The packaging of the major components of a computer, relatively unchanged for decades, is undergoing a revolution. Having reached the limits of cooling and bandwidth between memory and CPU, for example, the industry is looking to new schemes to increase performance and use less power.
Leading the chase for the last two years has been the Hybrid Memory Cube idea. This is a Micron concept that has been taken up by a sizable consortium of industry leaders. The concept is based on replacing the traditional DRAM bus with a set of high-speed serial connections, while at the same time bringing memory and compute chips much closer physically to allow removing the power transistors that drove the DRAM bus. The resulting module reduces memory power by between 70% and 90% and takes performance into the 160 GB/s range today, both of which are spectacular improvements. Future configurations aim for more than doubling that and for eventually reaching a terabyte/second using multiple memory modules.
The enabling technology is the through-silicon via (TSV). By stacking memory die on a logic module and using TSVs to connect the top layers to the logic, a very small footprint can be achieved, with a large number of parallel links in use. Today’s products typically have four stacked die, so capacity is limited to 16 GB per module.
The logic layer can be a CPU, a GPU, an FPGA or just control logic and it seems that all of these options are beginning to appear. Let’s look at some of the applications.

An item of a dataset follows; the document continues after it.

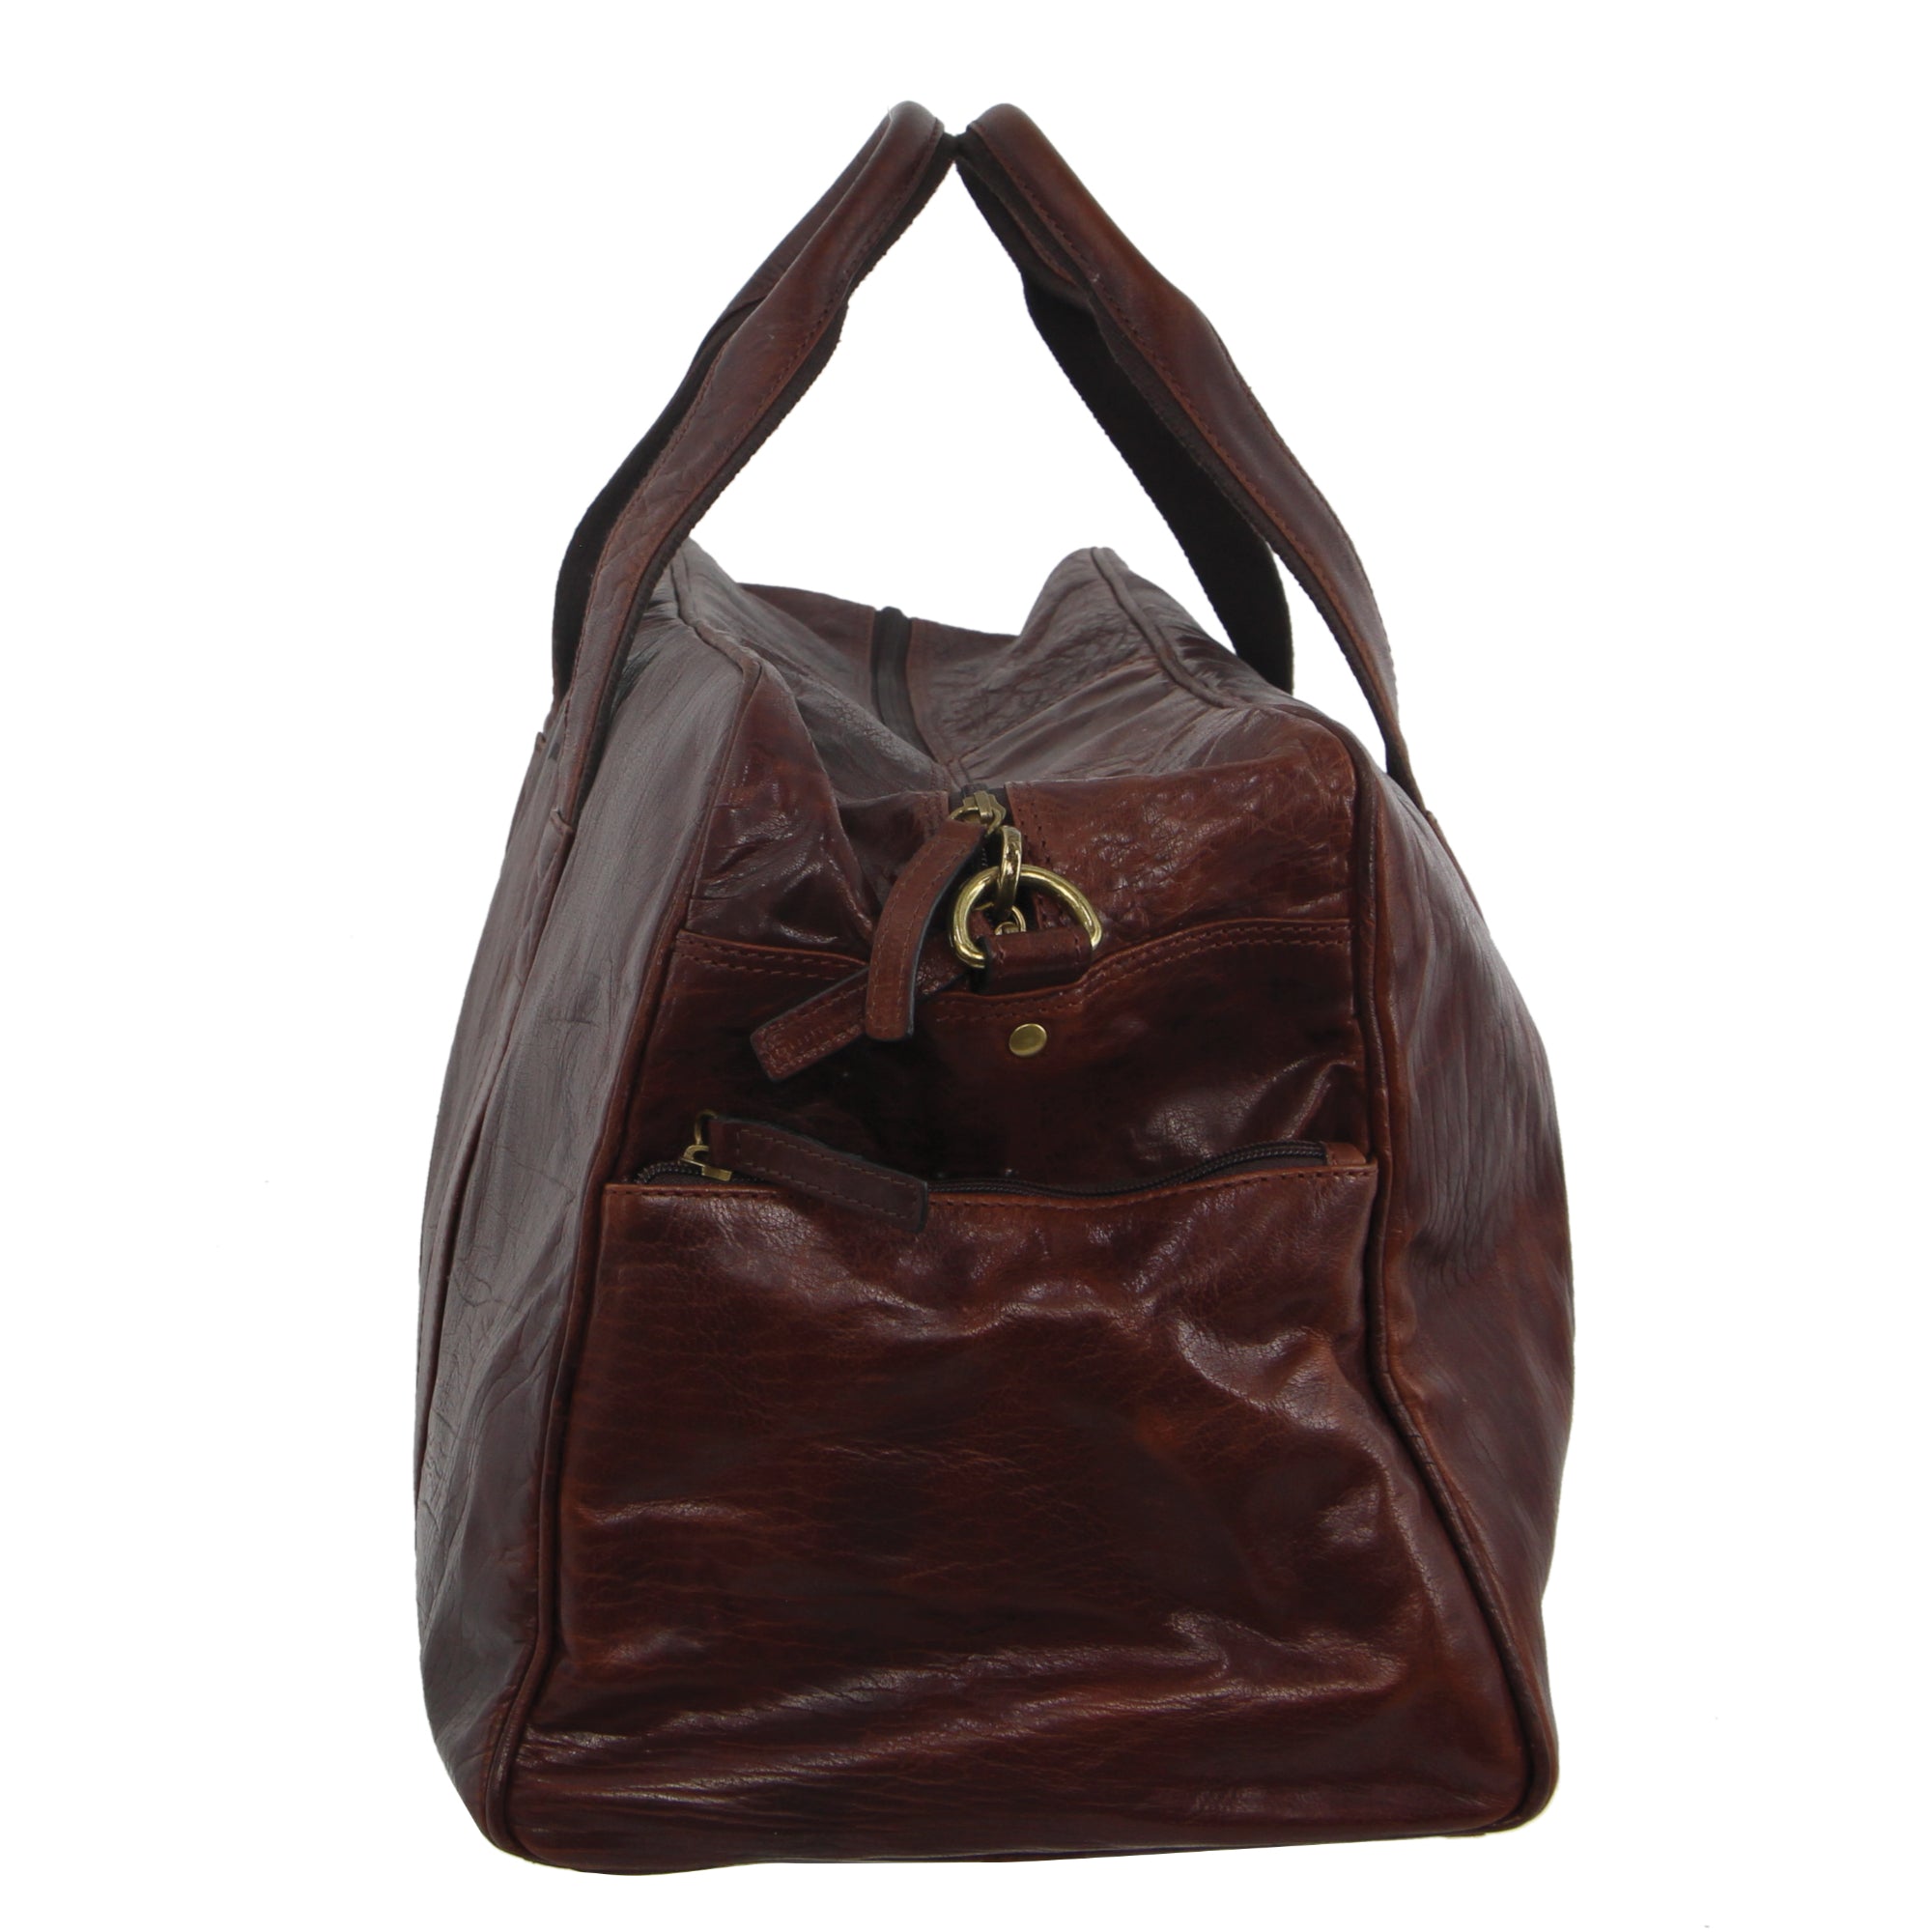 Pierre Cardin Rustic Leather Business/Overnight Bag in Chestnut
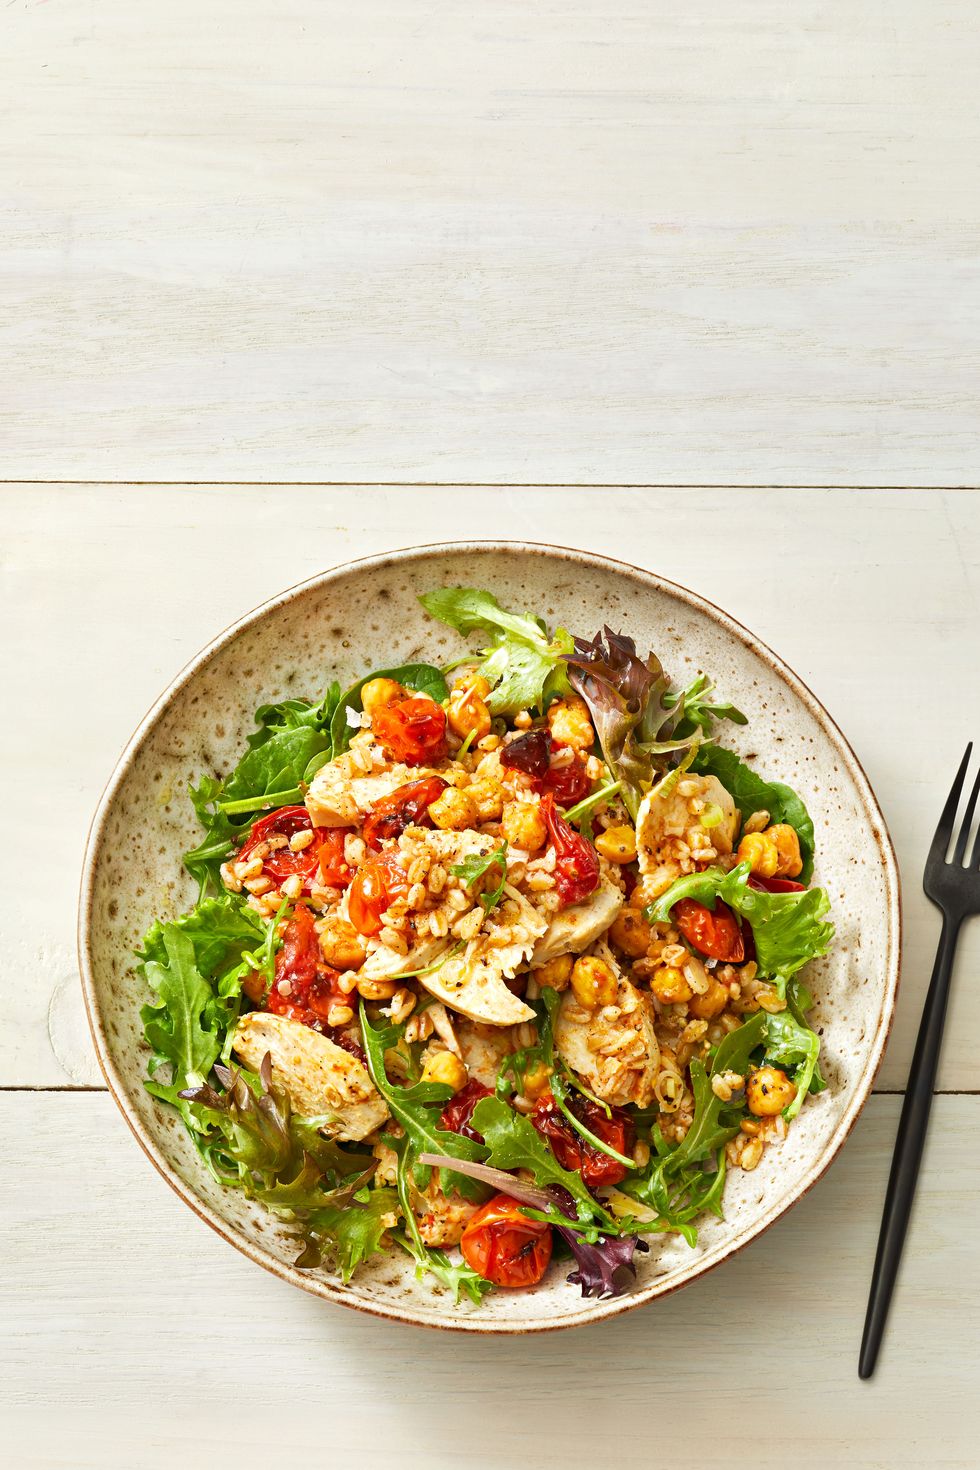 roasted chickpeas, tomatoes and chicken in a bowl with farro and greens

The CPU option seems obvious. Building DRAM on top of a CPU and delivering the result as a slightly thicker hybrid chip has interesting applications in smart phones and tablets as a way to save precious space, but more importantly scarce power. With solutions at 16GB in capacity, this is already a viable proposition, while higher density packages will cover the whole market spectrum.
In servers, the higher bandwidth is the attraction. It isn’t clear yet if the market will go down the CPU/memory-stack pathway or instead opt for tight side-by-side packaging with multiple memory chips, which could get bandwidth into the 500+GB/s range and increase HMC capacity. Intel’s Knights Landing phi chip aims to use a stacked memory structure, as one example.
Image courtesy: Intel
The two GPU manufacturers, AMD and NVidia, have opted for a different modular approach (High-Bandwidth Memory or HBM) using multi-channel parallel busses. Much wider than RAM busses, HMB delivers higher bandwidth. Here again, DRAM die stacking and close coupling to the GPU address performance and power issues. Applying the module approach to GPUs raises the same packaging question as with servers. The solution is likely to depend on whether the GPU product is aimed at the consumer or the artificial intelligence (AI) market.
The FPGA story, as accelerators in server systems, is still itself evolving, though companies like Altera and Xilinx have prototyping boards available for HMC.
This modular approach suggests major channel implications. The balance of power swings strongly to memory chip makers such as Micron and away from DIMM assemblers without foundries. This won’t be an overnight process, though, since a system structure and chip ecosystem has yet to evolve to use the modular solutions properly. Likely, the closed nature of smartphones will make that the easier market to penetrate.
The server market moving to modular approaches may well be complicated by the rise of a fabric-centric architecture within the server core. Approaches such as Gen-Z make the serial memory links the focus of an RDMA-based fabric that joins CPUs, GPUs, FPGAs and external communications together so that direct use of a common memory among all the server elements is possible as well as cross-cluster sharing of memory and interfaces. Future plans at AMD and NVidia address this tighter coupling of the memory to the GPU so that the problem in current architectures of transferring large amounts of data from CPU memory to GPU memory becomes a thing of the past.
Here too, the balance moves to chip makers at the cost of not only DIMM producers, but makers of add-in cards. Server motherboards will likely have ZIF sockets for SOC solutions for adapting drives or LANs and more sockets for memory and compute elements.
Not all is peace and joy in the vendor camps though. Intel is talking a different pathway than the rest of the industry. Instead of HMC for servers, there is discussion of a High-Bandwidth, Low-Latency (HBLL) DIMM solution that fits the performance gap between Optane NVDIMM and L3 cache better.
As a final complication, while these new memories are very fast, capacity is somewhat limited and is currently in the 16GB range or less. While this is similar to DIMMs, the architectures preclude lots of modules today. With a desire for terabyte sized memory, this is a problem that has no elegant solution yet. It may well be that an Intel HBLL approach with Optane in NVDIMMs may be a solution.
Despite Intel’s apparent apostasy (nothing is officially announced as product, yet), it’s clear that systems will become faster and more modular. To compound that modularity, NVMe over Ethernet is getting a lot of attention in the market as a way to share primary storage, so decoupling drives from servers, though they may still share packaging. All of this should settle into a roadmap for the whole industry in the first half of 2018 and lead to a truly major jump in system performance which should give an impetus to the whole market for systems and storage.